During the course of this eventful day, in which so many errors had happened from the likeness the twin brothers bore to each other, old Aegeon's day of grace was passing away, it being now near sunset; and at sunset he was doomed to die if he could not pay the money.

The place of his execution was near this convent, and here he arrived just as the abbess retired into the convent; the duke attending in person, that, if any offered to pay the money, he might be present to pardon him.

Adriana stopped this melancholy procession, and cried out to the duke for justice, telling him that the abbess had refused to deliver up her lunatic husband to her care. While she was speaking, her real husband and his servant, Dromio, who had got loose, came before the duke to demand justice, complaining that his wife had confined him on a false charge of lunacy, and telling in what manner he had broken his bands and eluded the vigilance of his keepers. Adriana was strangely surprised to see her husband when she thought he had been within the convent.

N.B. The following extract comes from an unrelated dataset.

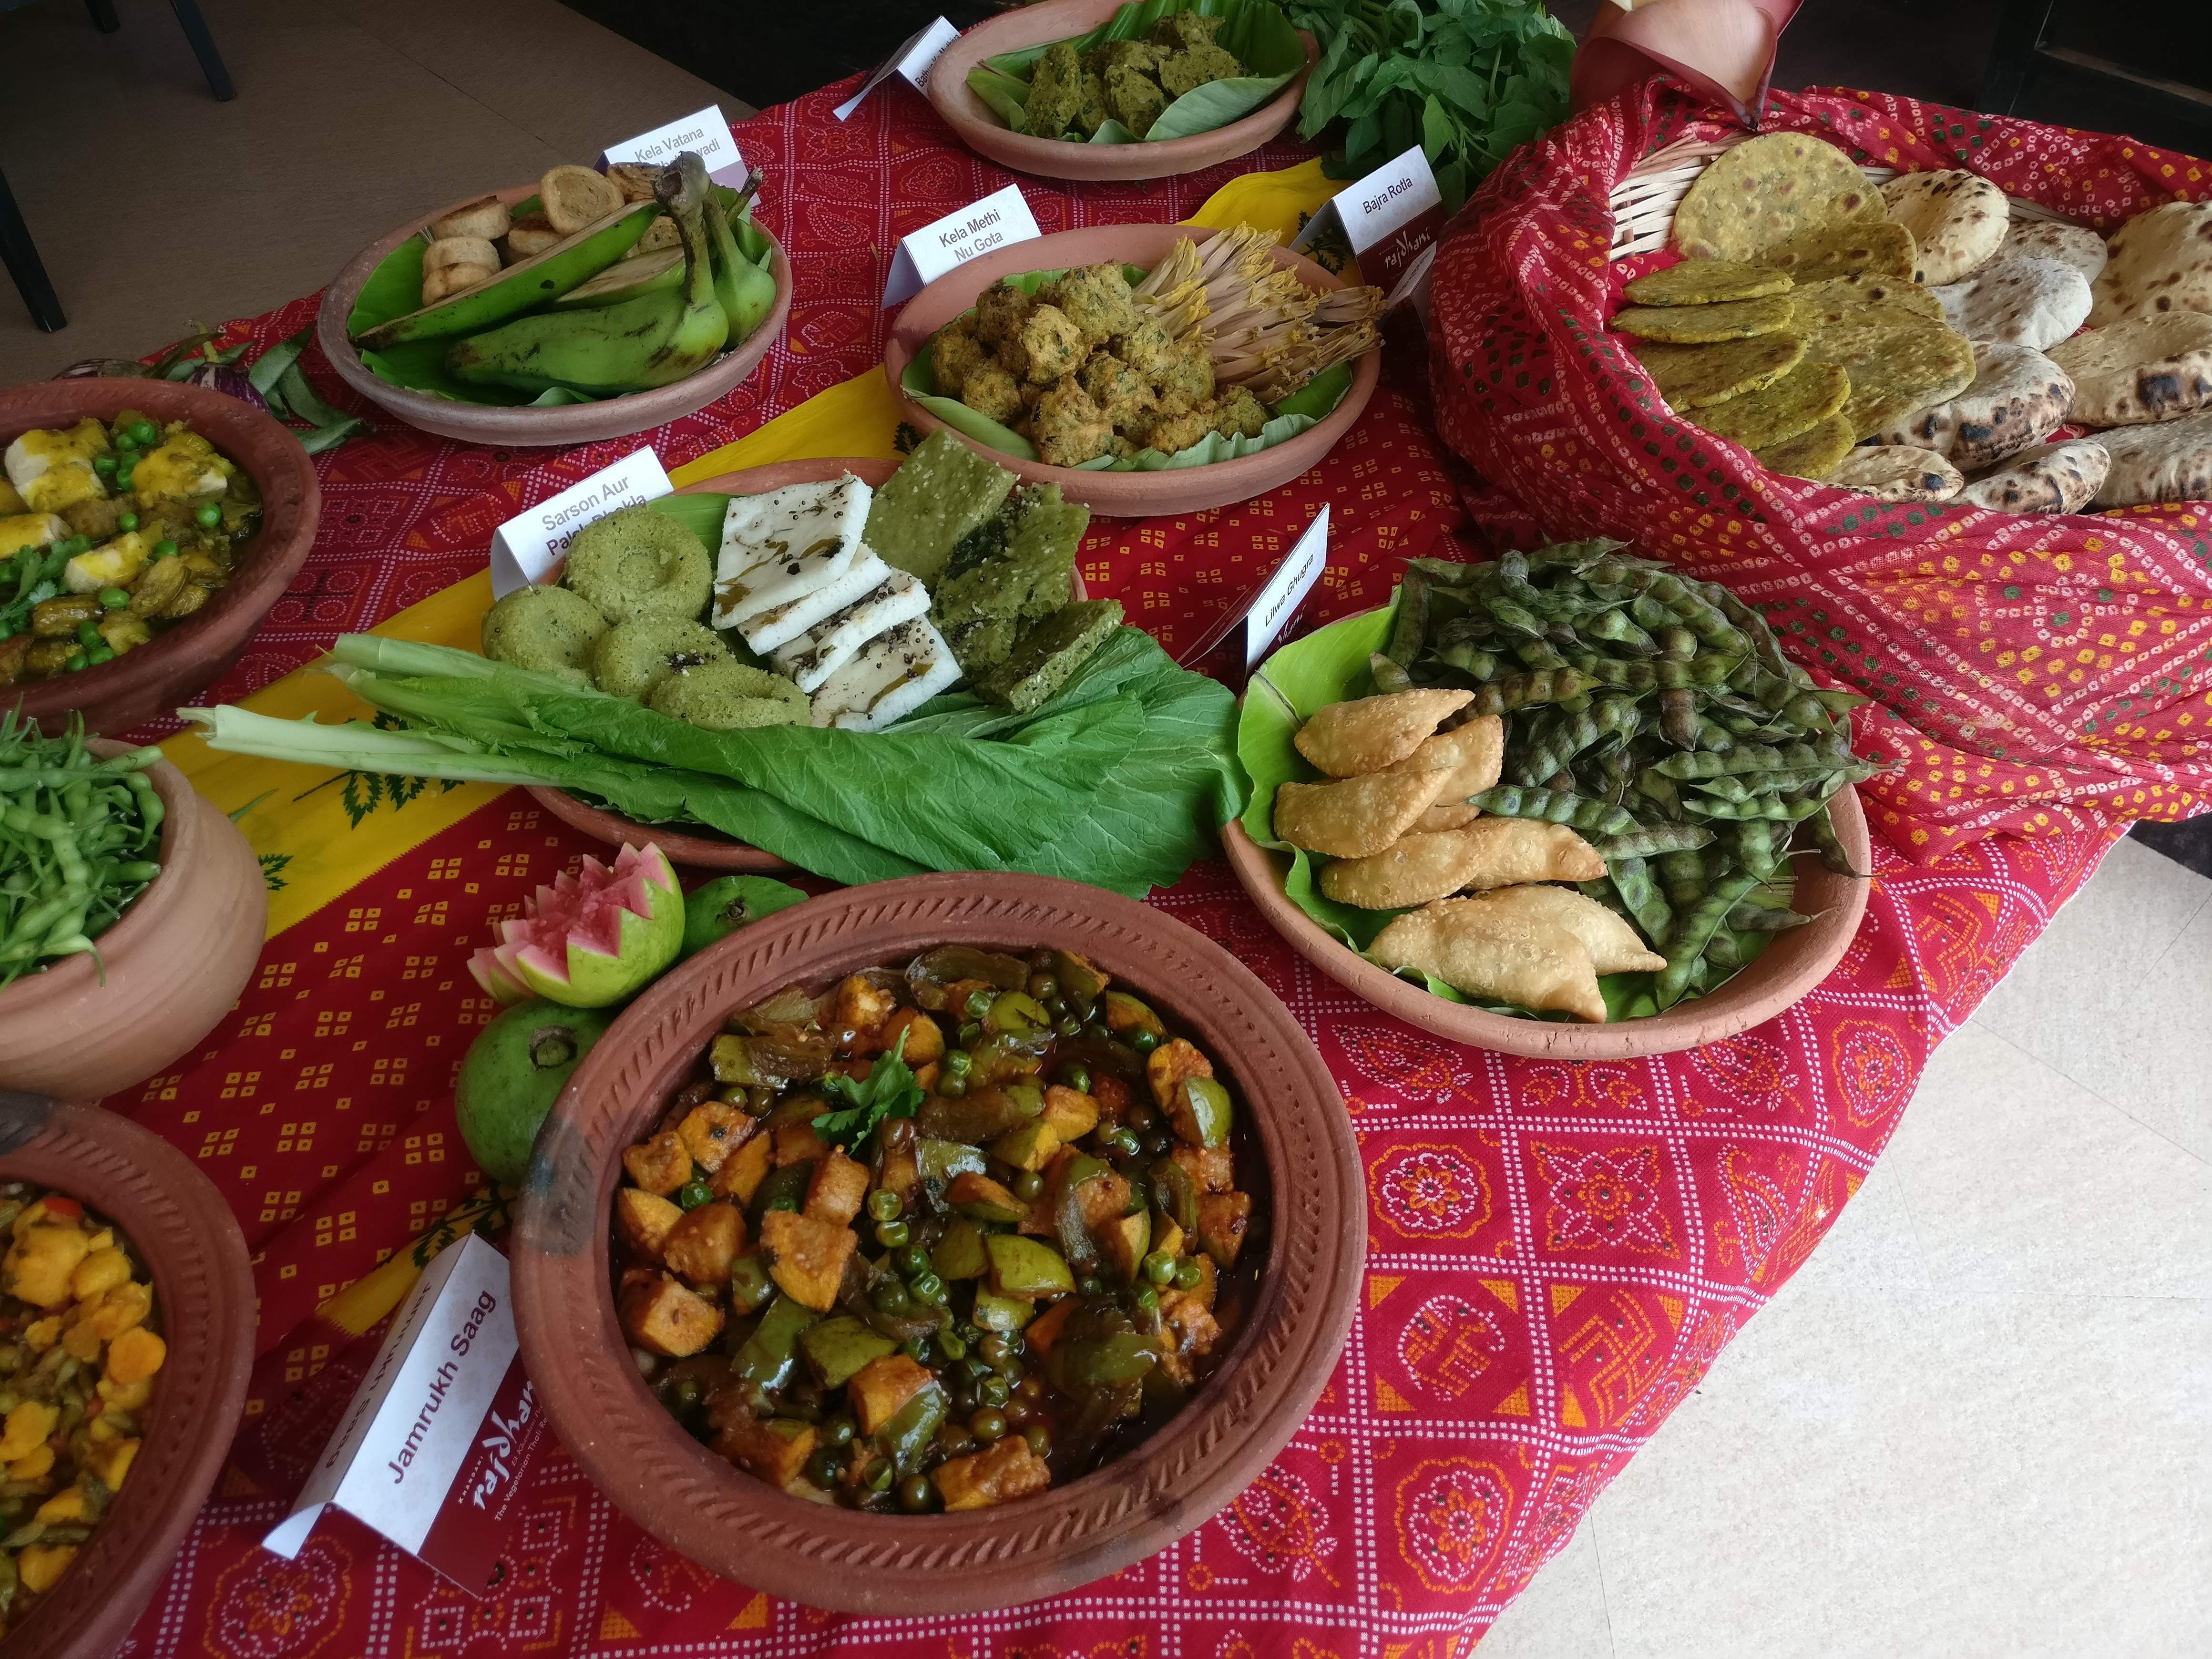 Dish,Food,Cuisine,Meal,Ingredient,Vegetarian food,Salad,Produce,Leaf vegetable,appetizer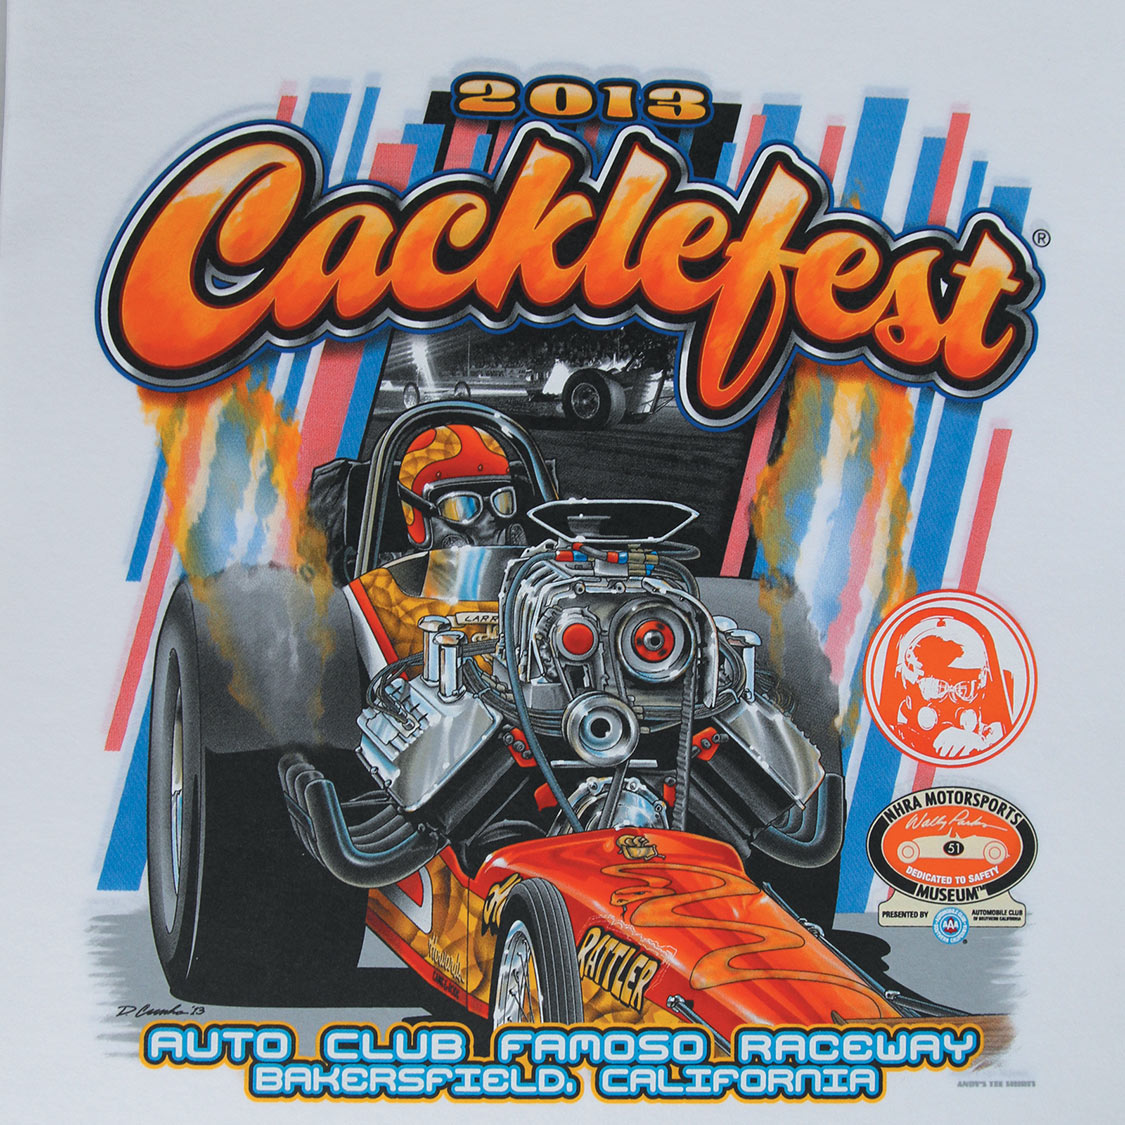 2013 Cacklefest

Aegeon, seeing his son, concluded this was the son who had left him to go in search of his mother and his brother, and he felt secure that this dear son would readily pay the money demanded for his ransom. He therefore spoke to Antipholus in words of fatherly affection, with joyful hope that he should now be released. But, to the utter astonishment of Aegeon, his son denied all knowledge of him, as well he might, for this Antipholus had never seen his father since they were separated in the storm in his infancy. But while the poor old Aegeon was in vain endeavoring to make his son acknowledge him, thinking surely that either his griefs and the anxieties he had suffered had so strangely altered him that his son did not know him or else that he was ashamed to acknowledge his father in his misery--in the midst of this perplexity the lady abbess and the other Antipholus and Dromio came out, and the wondering Adriana saw two husbands and two Dromios standing before her.

And now these riddling errors, which had so perplexed them all, were clearly made out. When the duke saw the two Antipholuses and the two Dromios both so exactly alike, he at once conjectured aright of these seeming mysteries, for he remembered the story Aegeon had told him in the morning; and he said these men must be the two sons of Aegeon and their twin slaves.

But now an unlooked-for joy indeed completed the history of Aegeon; and the tale he had in the morning told in sorrow, and under sentence of death, before the setting sun went down was brought to a happy conclusion, for the venerable lady abbess made herself known to be the long-lost wife of Aegeon and the fond mother of the two Antipholuses.

When the fishermen took the eldest Antipholus and Dromio away from her, she entered a nunnery, and by her wise and virtuous conduct she was at length made lady abbess of this convent and in discharging the rites of hospitality to an unhappy stranger she had unknowingly protected her own son.

Joyful congratulations and affectionate greetings between these long-separated parents and their children made them for a while forget that Aegeon was yet under sentence of death. When they were become a little calm, Antipholus of Ephesus offered the duke the ransom money for his father's life; but the duke freely pardoned Aegeon, and would not take the money. And the duke went with the abbess and her newly found husband and children into the convent, to hear this happy family discourse at leisure of the blessed ending of their adverse fortunes. And the two Dromios' humble joy must not be forgotten; they had their congratulations and greetings, too, and each Dromio pleasantly complimented his brother on his good looks, being well pleased to see his own person (as in a glass) show so handsome in his brother.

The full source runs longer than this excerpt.